Joseph cannot hold back his emotions anymore. He reveals the truth to his brothers. “I am Joseph, your brother.” Joseph acknowledges his pain, his emotion. He weeps in front of his brothers and reveals his identity, loudly enough that the Egyptians heard it in the next room and the gossip train began. He lets out his sadness, and his anger, and blubbers all over himself with joy that they are going to come live with him in Egypt and he will take care of them.
This scene is one of the most powerfully emotional stories in Scripture. And thus has become one of the most popular in history. Because we get it. This is a human story. We get Joseph’s pain. And his relief. And his hope for restoration. And his anger and resentment. And we get that all of that comes at once. We get it because our control boards have been just as chaotic in our lives. Joseph’s story is our story.
It is a human story, but it is also God’s story. If you hear one thing from us this month, I hope it is this message: all emotions are created by God. There are not GOOD emotions and BAD emotions. There are emotions. There are not feelings that we SHOULD feel and others that we SHOULD NOT feel. There are feelings. In fact, I would argue that the story of Scripture is that we worship a God who feels. A God who is mad, sad, glad, and even afraid. Walk with me through the pages of Scripture.

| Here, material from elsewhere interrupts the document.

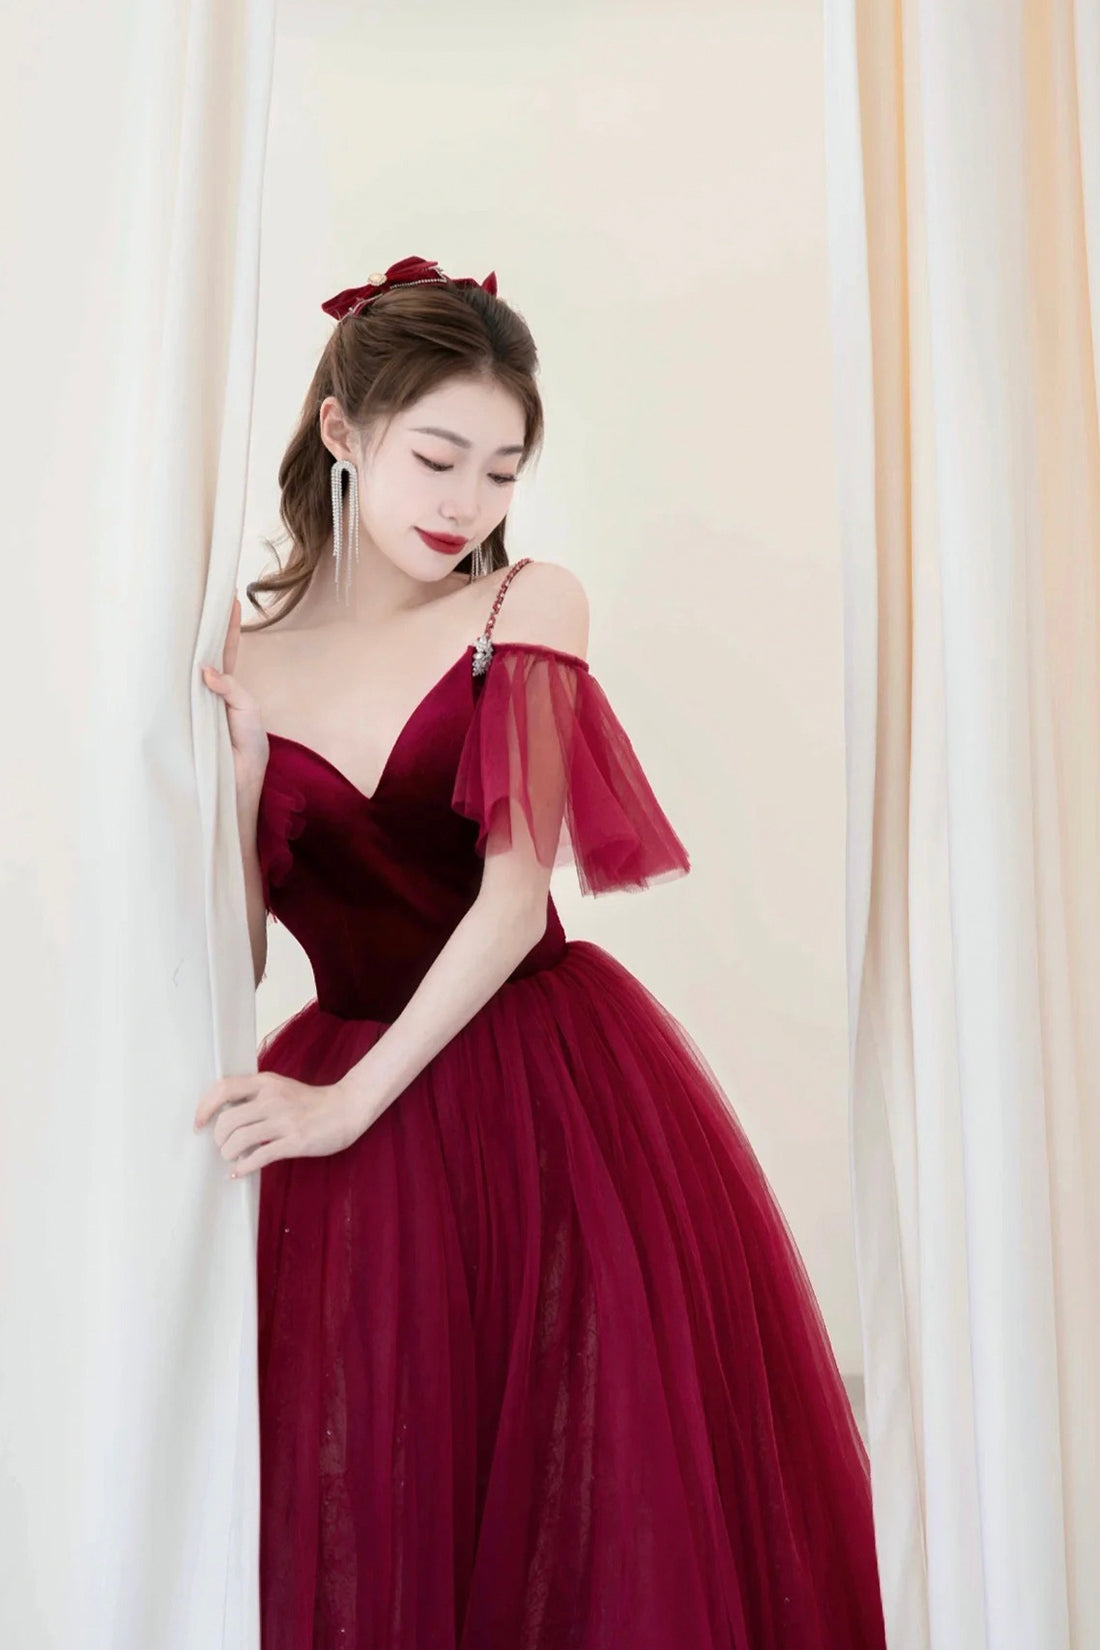 Burgundy V-Neck Velvet and Tulle Long Prom Dress, A-Line Spaghetti Strap Formal Evening Dress

- God gets mad. When God’s people rebel or do things that end up hurting themselves. When they reject God or God’s ways, he gets angry.
- God gets sad. Scripture tells us that God grieves when we reject him like a parent rejected by a rebellious teenager.
- God gets glad. The Bible talks about the joy of the Lord. Genesis tells us that God created and called it good. The Hebrew word that is used over and over again in Genesis is menuha, the delight of God.
- And at times in Scripture, God is afraid. “Take this cup from me,” prayed Jesus. In the Garden of Gethsemine, facing a violent and painful death, God was scared. And if that feels theologically inappropriate, or impossible or somehow limiting the sovereignty of God…boy, do I have a sermon series for you! That is our goal in this series, to help uncover the fact that we feel afraid because God has created us in God’s own image. In the image of a God who has been afraid. Who has been sad. Who has been glad. Who has been mad. And 34,000 other emotions. When we fully feel and acknowledge our emotions and work through them, we are doing holy work.
The story of Joseph, and the whole story of Scripture, is a story of a God who feels, and who creates humans who feel.
In the movie, Riley comes of age when she acknowledges that all of her feelings matter. It is OK to be sad, as well as happy. It is OK to be afraid. Angry. Disgusted. Even at the same time. Joseph’s story is similar. He will reconcile with his family, but it doesn’t happen magically, or even immediately. We are only about half-way through his story by the end of Chapter 45. There is still more work to be done. But Joseph begins this journey toward healing, toward acknowledging that God has been with him the whole time. In the anger. In the sadness. In the fear. And in the joy. May we join that journey today, as well.